According to a recent VanEck report, China and Russia are using Bitcoin to settle some energy trades. The development follows escalating global trade tensions after the Trump administration issued a tariff package targeting imports from China and other countries on April 2. The announcement has drawn fears of greater monetary and geopolitical fragmentation.

Matthew Sigel, Head of Digital Assets Research for VanEck, said interest in Bitcoin as a settlement mechanism is becoming less speculative. Bolivia has also joined China and Russia in announcing plans to import electricity through crypto-based payments. French energy provider EDF is also considering Bitcoin mining with surplus electricity that it currently exports to Germany.

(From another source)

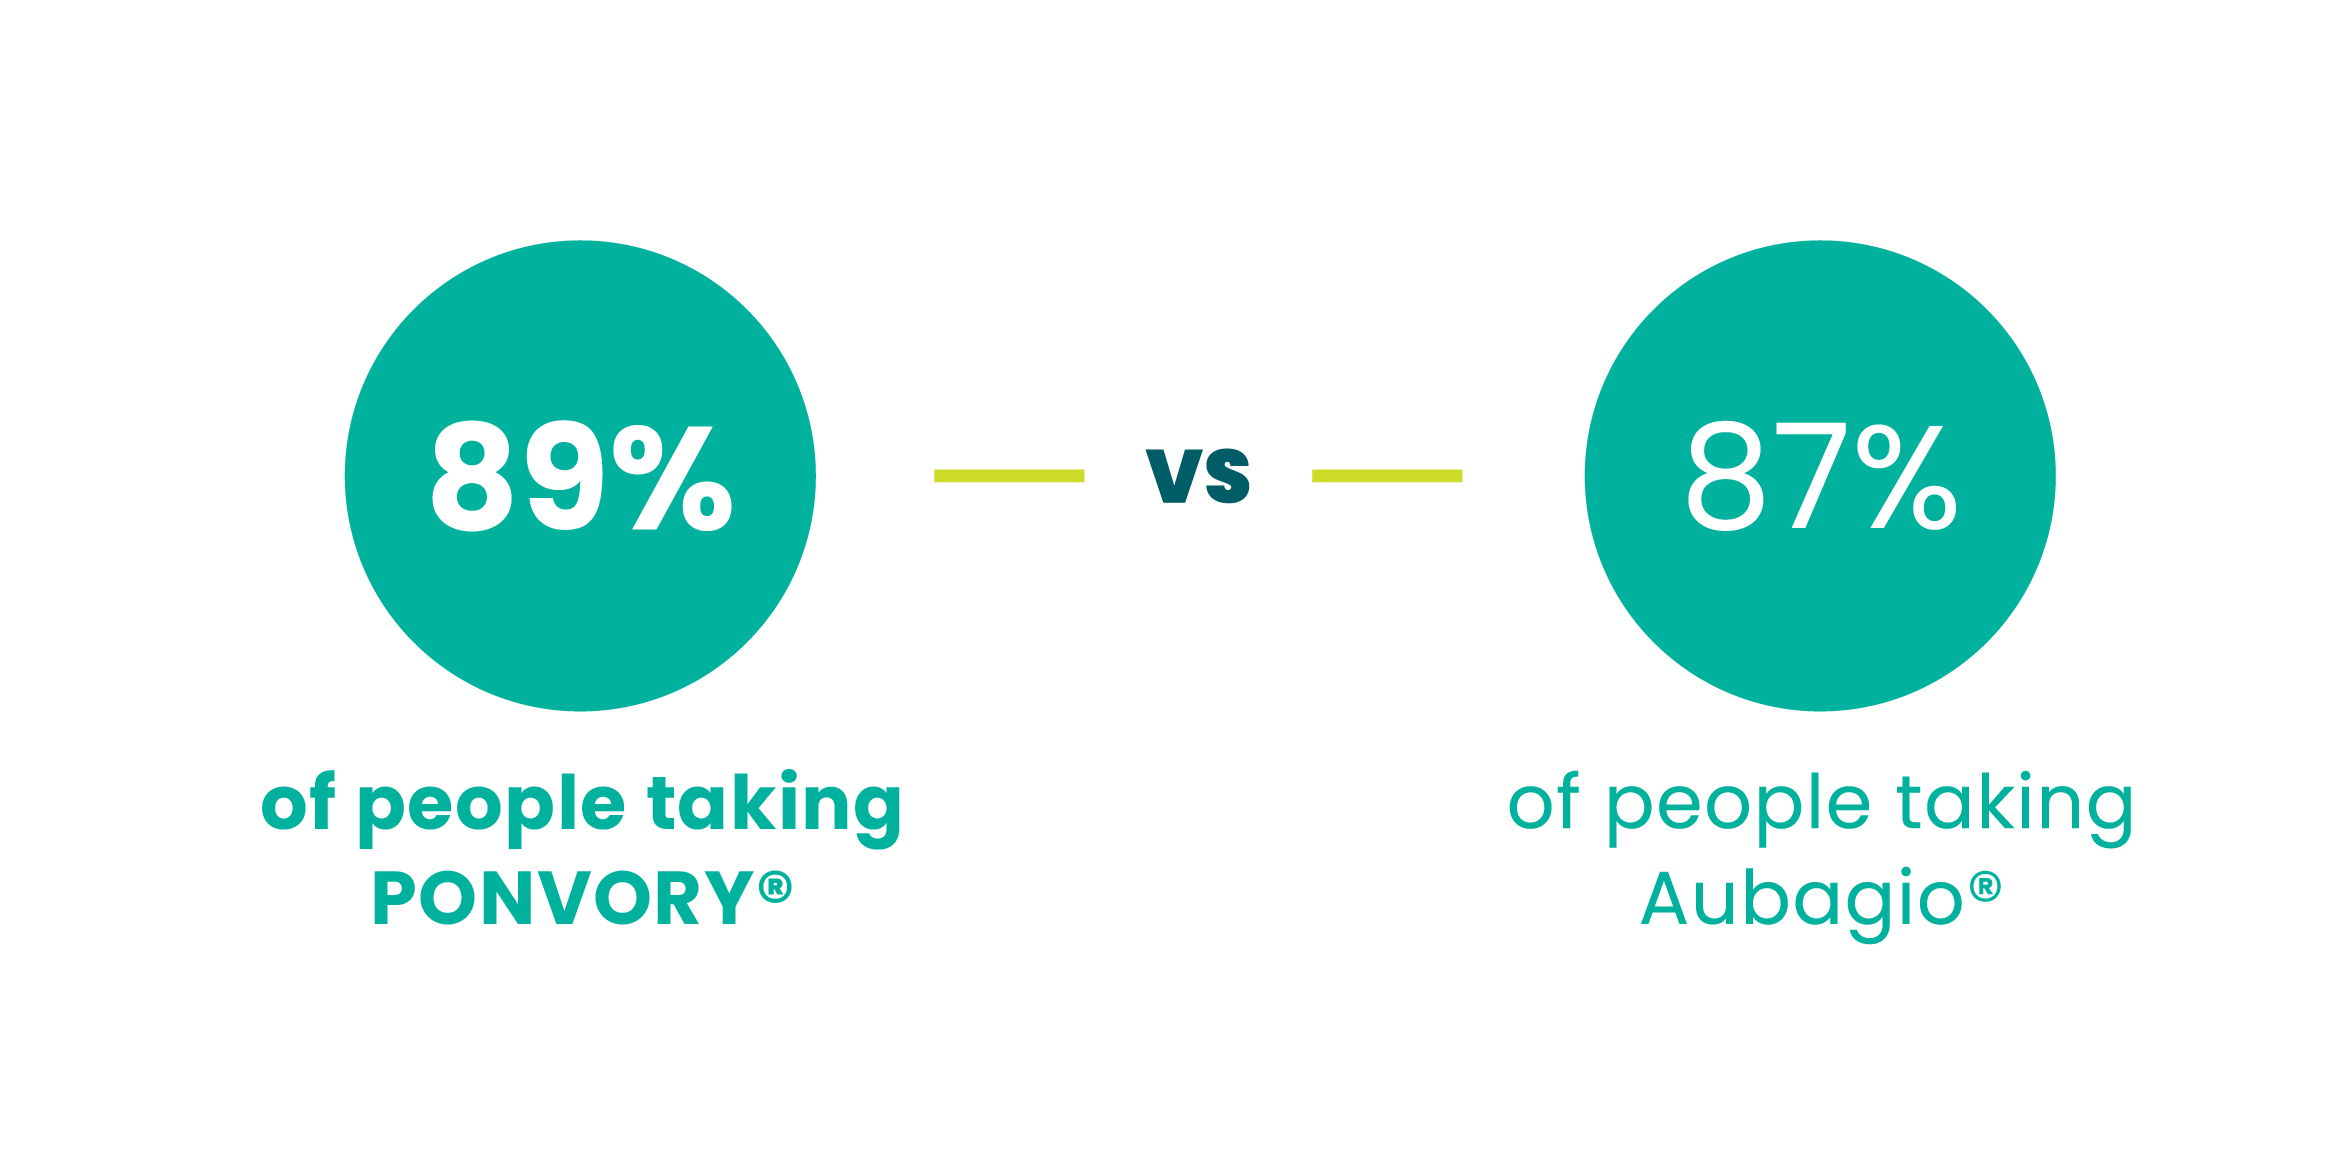 89% of people taking PONVORY® versus 87% of people taking AUBAGIO®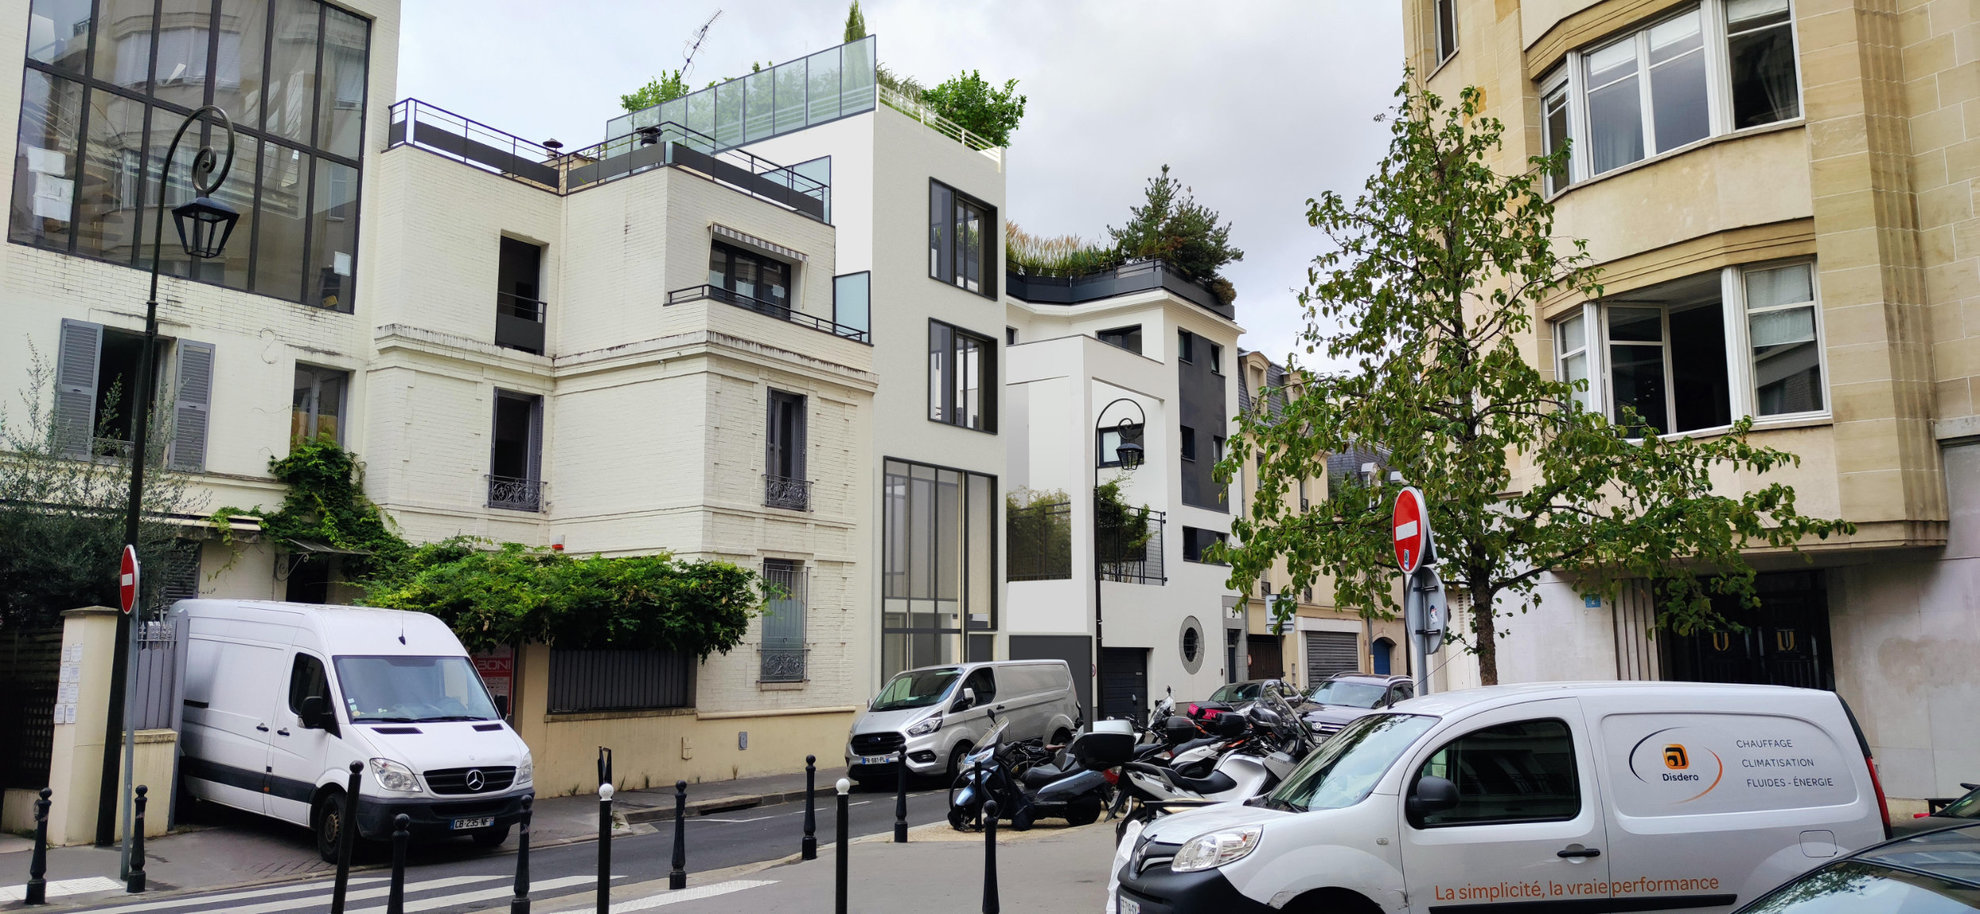 Parlange architecte - Boulogne Billancourt 2020

The report says these developments are part of a broader change in how digital assets are being used in global trade, especially by countries seeking alternatives to the U.S.-dominated financial infrastructure. Using digital assets to settle transactions could be a sign that some countries are diversifying their trade and payment systems.

Investors are also watching the Federal Reserve's evolving position closely. Dovish turns in interest rate expectations and rising liquidity conditions have historically buoyed Bitcoin performance, Sigel adds.

The U.S. Dollar Index (DXY) is also an important signal — persistent dollar weakness may bolster Bitcoin as a macro hedge. While 10-year Treasury yields spiked on April 7, Bitcoin's muted response indicates decreased sensitivity to traditional macro headwinds. U.S.-listed spot Bitcoin ETPs are also net positive by around $600 million in the year, and inflows recommenced at the end of March.

Also on the radar are on-chain activity and possible retaliatory measures from China or the EU to circumvent dollar-based systems as catalysts for further crypto adoption.

As per Kraken's price feeds , Bitcoin is trading for $77,404.85, down from recent highs near $85,000.